Along with Cecil McBee and Billy Hart, who were frequent Sanders sidemen, a young Stanley Clarke fills the second bass chair, and Norman Connors fills out the second drum seat.
Carlos Garnett accompanies Sanders on tenor, Joe Bonner on piano, and Hannibal Peterson on trumpet.
Sanders also added a full-time percussionist in Lawrence Killian.
The only cut on the album is "Black Unity," over 37 minutes of pure Afro-blue investigation into the black sounds of Latin music, African music, aborigine music, and Native American music, with a groove that was written into the standard three-chord vamp Sanders used, opening up a world of melodic and tonal possibilities while also bringing a couple of stellar talents to the fore -- Garnett being one of them and Connors being another.
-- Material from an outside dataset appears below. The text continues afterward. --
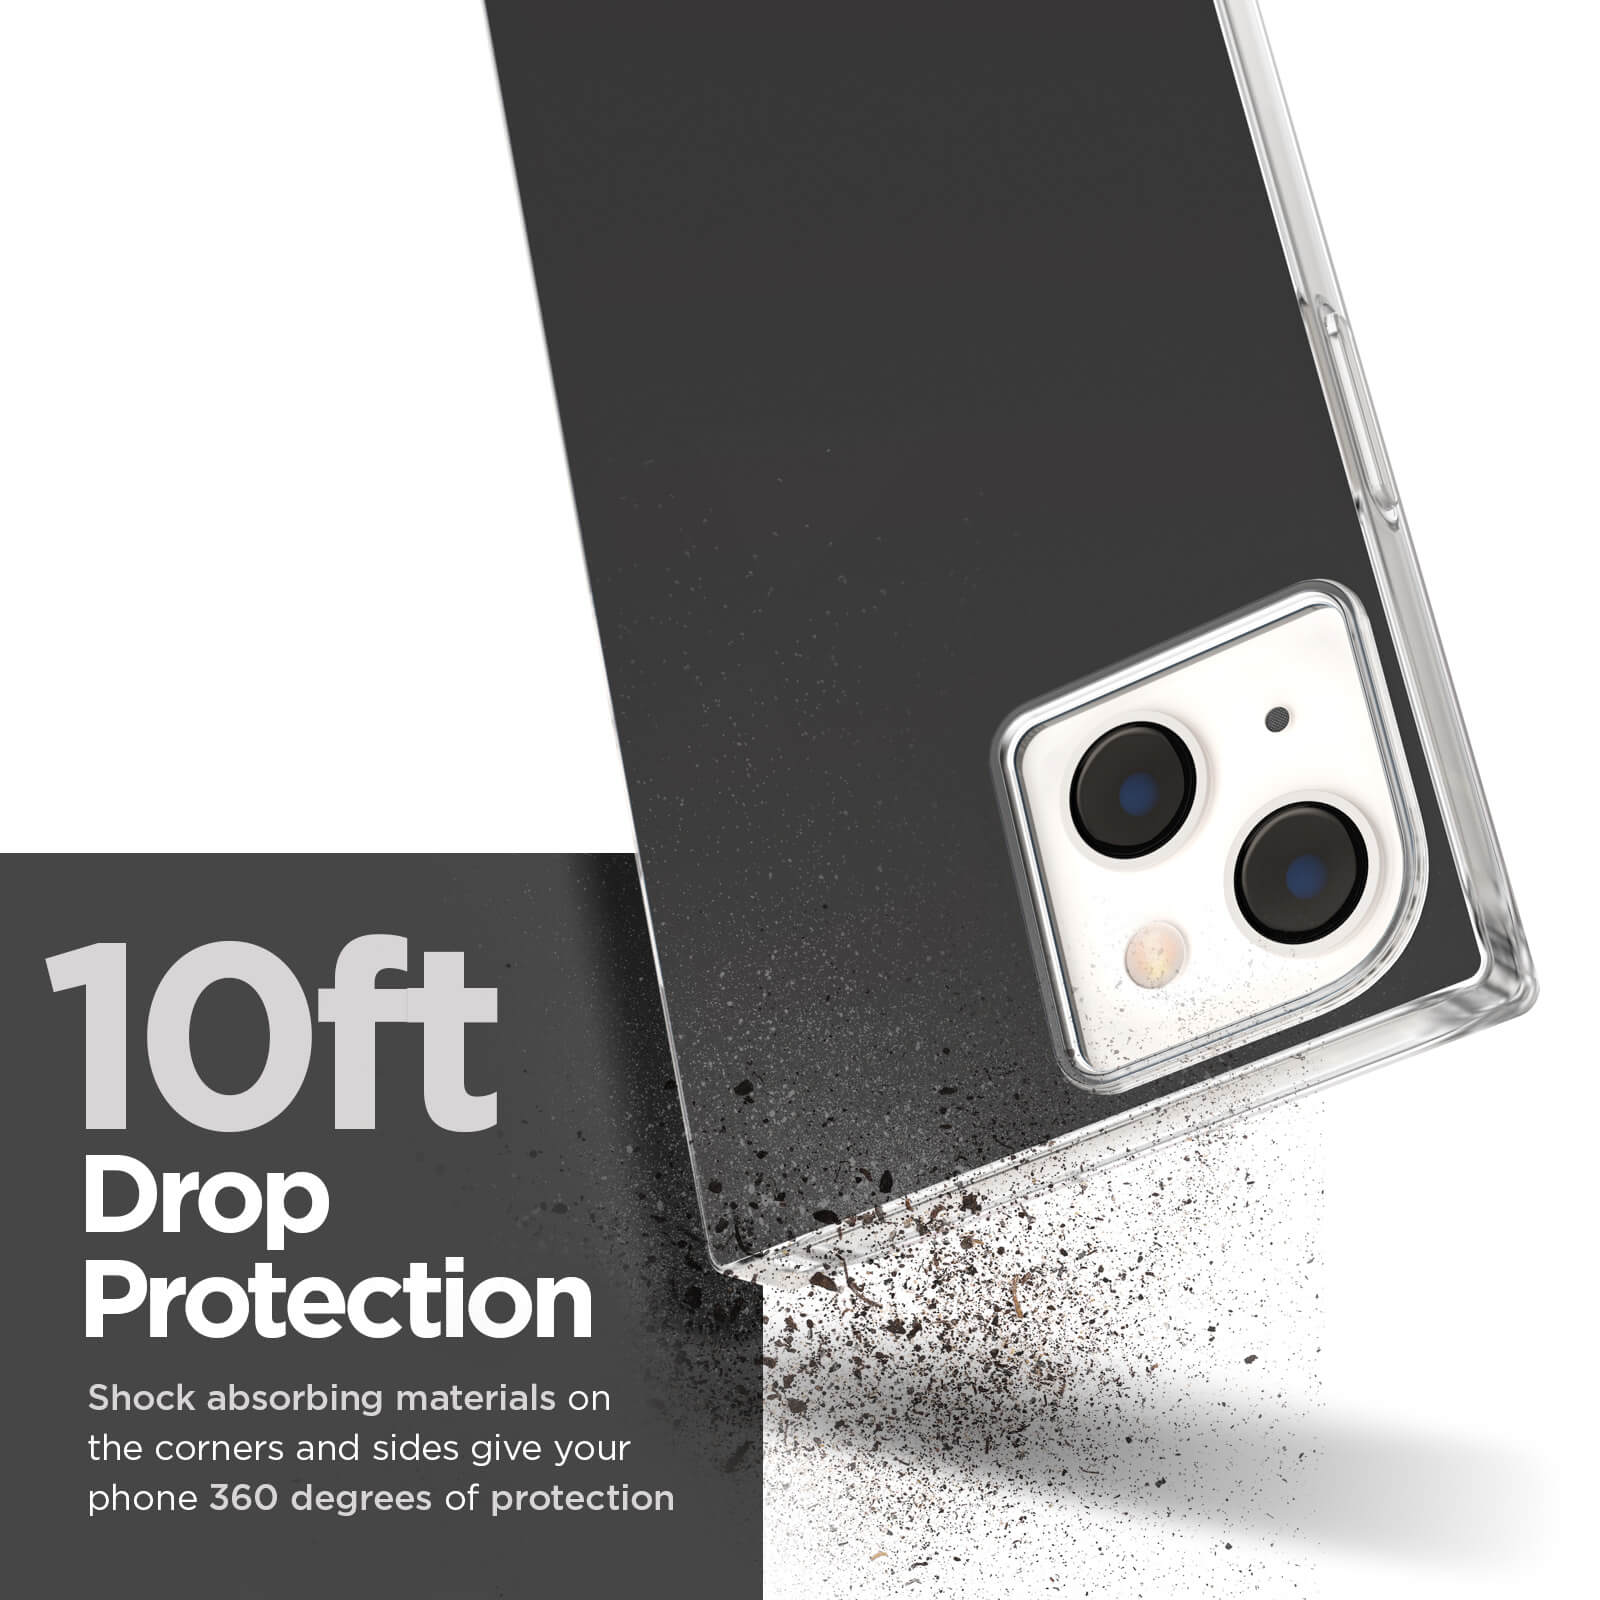 10ft drop protection. Shock absorbing materials on the corners and sides give your phone 360 degrees of protection. color::Black

The heavy, hypnotic groove and a double-time tempo are controlled by dynamics and the groupings of instruments, signaled by Bonner with his stacked fifths, sevenths, and ninths.
This is a solid, moving piece of work that seals the cracks in Sanders' vocabulary.
His arrangement and the staggering of solos into the whole are magnificent.
Here was Sanders as he saw himself in the mirror, a mass of contradictions, and the embodiments of the full fury and glory of music in one man.